The first requirement means that there must be real and substantial differences between the classes
treated differently. As illustrated in the fairly recent Mirasol v. Department of Public Works and
Highways, a real and substantial distinction exists between a motorcycle and other motor vehicles
sufficient to justify its classification among those prohibited from plying the toll ways. Not all
motorized vehicles are created equal—a two-wheeled vehicle is less stable and more easily
overturned than a four-wheel vehicle. Nevertheless, the classification would still be invalid if it does
not comply with the second requirement—if it is not germane to the purpose of the law. The third
requirement means that the classification must be enforced not only for the present but as long as
the problem sought to be corrected continues to exist. And, under the last requirement, the
classification would be regarded as invalid if all the members of the class are not treated similarly,
both as to rights conferred and obligations imposed.
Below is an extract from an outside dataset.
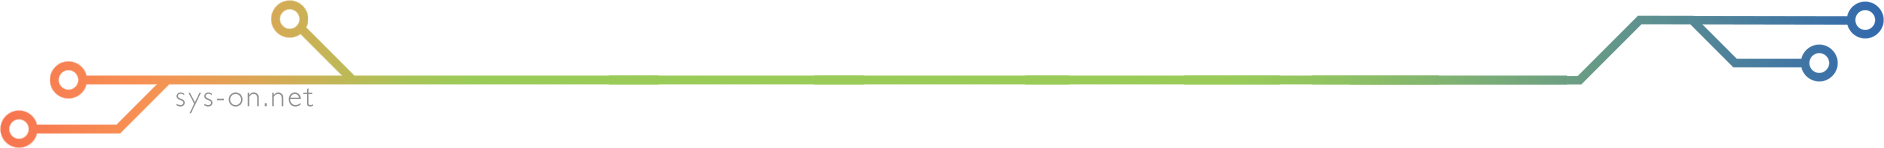 SeparatorNet - تطبيق Owly for Twitter لتصفح تويتر بمتعة أكبر بتصميم بسيط وجميل

Applying the four requisites to the instant case,
the Court finds that the differential treatment of persons holding appointive offices as opposed to
those holding elective ones is not germane to the purposes of the law. The obvious reason for the
challenged provision is to prevent the use of a governmental position to promote one’s candidacy,
or even to wield a dangerous or coercive influence on the electorate. The measure is further aimed
at promoting the efficiency, integrity, and discipline of the public service by eliminating the danger
that the discharge of official duty would be motivated by political considerations rather than the
welfare of the public. The restriction is also justified by the proposition that the entry of civil
servants to the electoral arena, while still in office, could result in neglect or inefficiency in the
performance of duty because they would be attending to their campaign rather than to their office
work. If we accept these as the underlying objectives of the law, then the assailed provision cannot
be constitutionally rescued on the ground of valid classification. Glaringly absent is the requisite that
the classification must be germane to the purposes of the law. Indeed, whether one holds an
appointive office or an elective one, the evils sought to be prevented by the measure remain. For
example, the Executive Secretary, or any Member of the Cabinet for that matter, could wield the
same influence as the Vice-President who at the same time is appointed to a Cabinet post. With the
fact that they both head executive offices, there is no valid justification to treat them differently
when both file their CoCs for the elections. Under the present state of our law, the Vice-President, in
the example, running this time, let us say, for President, retains his position during the entire
election period and can still use the resources of his office to support his campaign. As to the danger
of neglect, inefficiency or partisanship in the discharge of the functions of his appointive office, the
inverse could be just as true and compelling. The public officer who files his certificate of candidacy
would be driven by a greater impetus for excellent performance to show his fitness for the position
aspired for. There is thus no valid justification to treat appointive officials differently from the
elective ones. The classification simply fails to meet the test that it should be germane to the
purposes of the law. The measure encapsulated in the second proviso of the third paragraph of
Section 13 of R.A. No. 9369 and in Section 66 of the OEC violates the equal protection clause.